The top category of missed cancers was overlooked lesions. This contradicts Pages et al.’s study [6], where more lesions were misinterpreted than overlooked. This can be partly explained by the situation in our centre, where there is good accessibility to MRI-guided biopsy. Therefore, the threshold for biopsy may be lower than in other centres. For instance, some lesions may be earlier characterized as BI-RADS 4 rather than as BI-RADS 3, thus diminishing the proportion of misinterpreted lesions. The studies were reviewed in a non-blinded fashion. MR A and MR B were reviewed together; this meant that even the very subtle lesions on MR A were categorized as “missed” and could have inflated the number of false-negative cases.

Finally, even though our study includes many cases of false-negative breast MRIs, the sample size remains relatively small, and a bigger sample size could have maximized the power of our study. A multi-institute study would also improve the generalizability of our results. Our study is a case–control study, not a double-blind study, which weakens some findings.

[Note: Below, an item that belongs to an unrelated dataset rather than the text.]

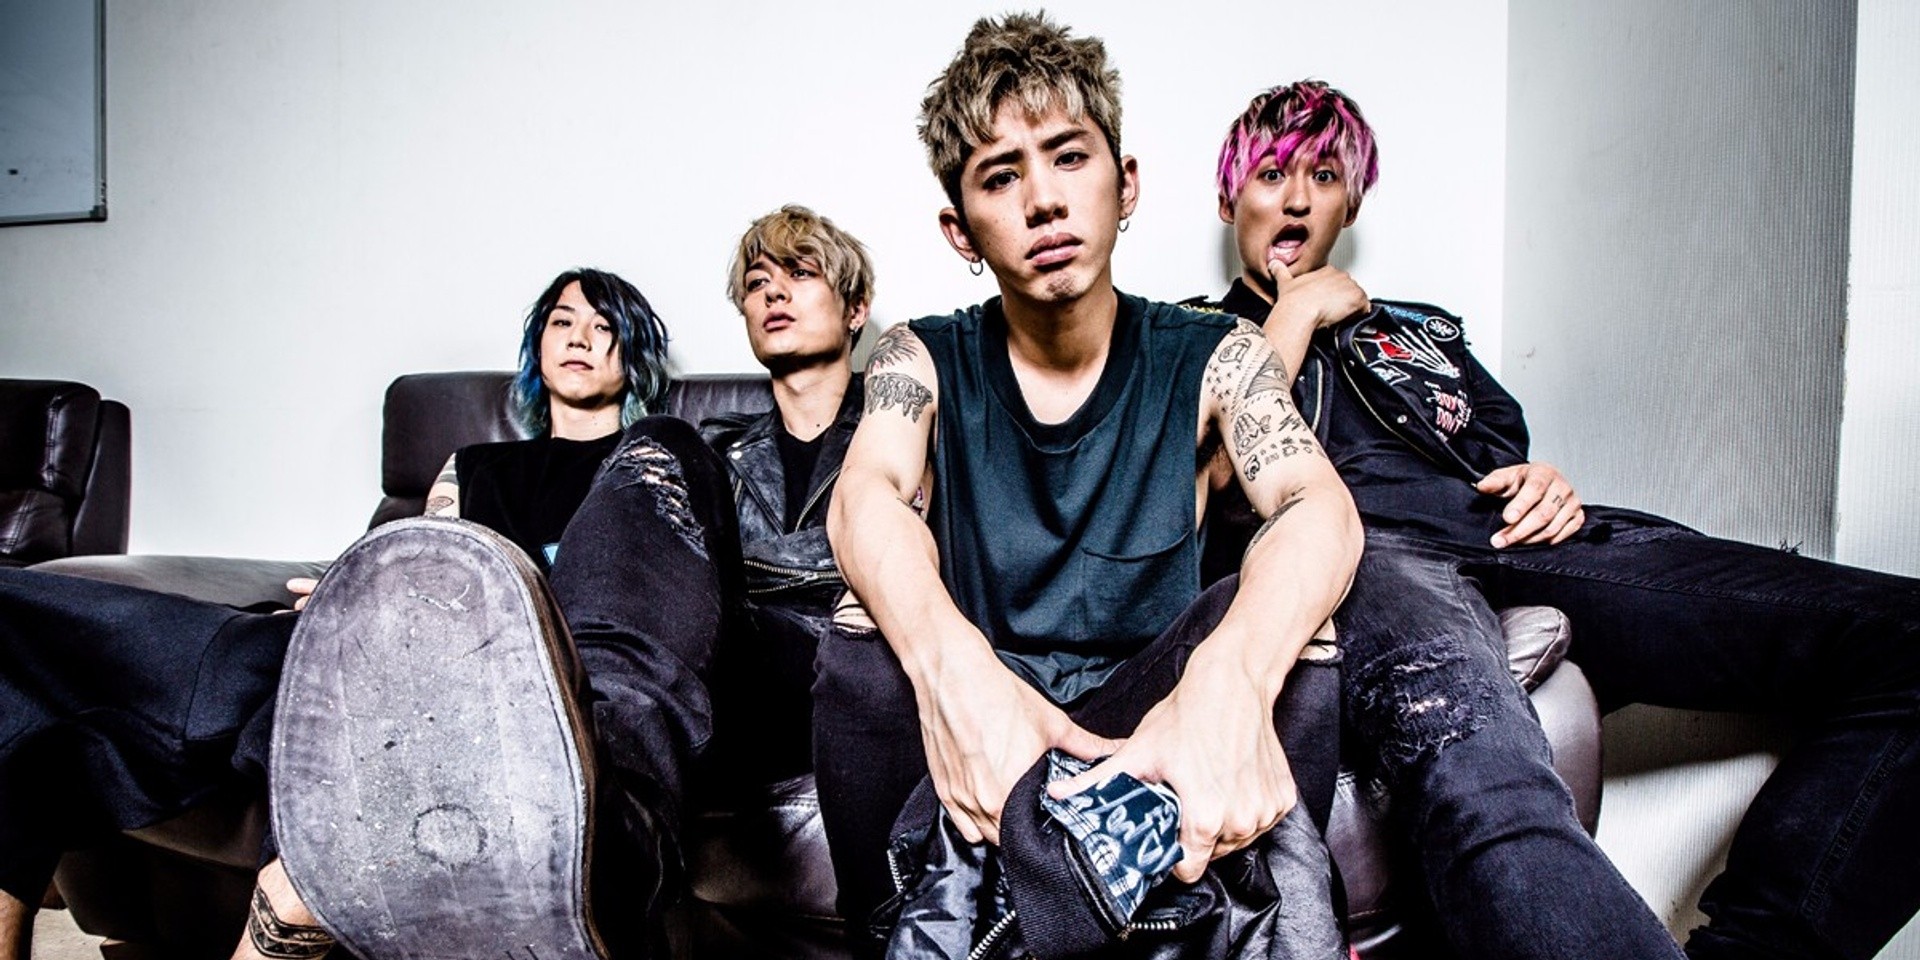 ONE OK ROCK to play their biggest show in Singapore yet, full Southeast Asia tour announced

The radiologists’ experience was not taken into account as a factor that influenced missed cancer rate in this study. It may be an interesting factor to consider in future studies.

5. Conclusions

There is a high proportion (74%) of breast cancers visible on an initial MRI scan in a population of high-risk patients with serial MRIs. MRI characteristics or receptors do not influence the detectability of breast cancers. Lesions in a post-surgical breast or with moderate to high BPE should be assessed with caution. Long-term stability does not rule out malignancy, and multimodality evaluations are of added value. Lowering the threshold for biopsy for lesions with interval change in kinetics for type 2 or 3 curves should be considered. The kinetic curve of breast lesions should be compared with the previous study, regardless of the lesion size. The higher rate of interval cancers in BRCA 1 was not solely attributed to receptor type. However, this may be partly related to the higher proportion of basal-like cancers, which are more aggressive and more prevalent in those patients.

In future studies, evaluation of the missed cancers according to the radiologist’s experience could be performed. The creation of a data base containing examples of missed cases could also benefit trainees in order to familiarize them with the pitfalls of breast MRI and the causes of missed cancers encountered in the high-risk population.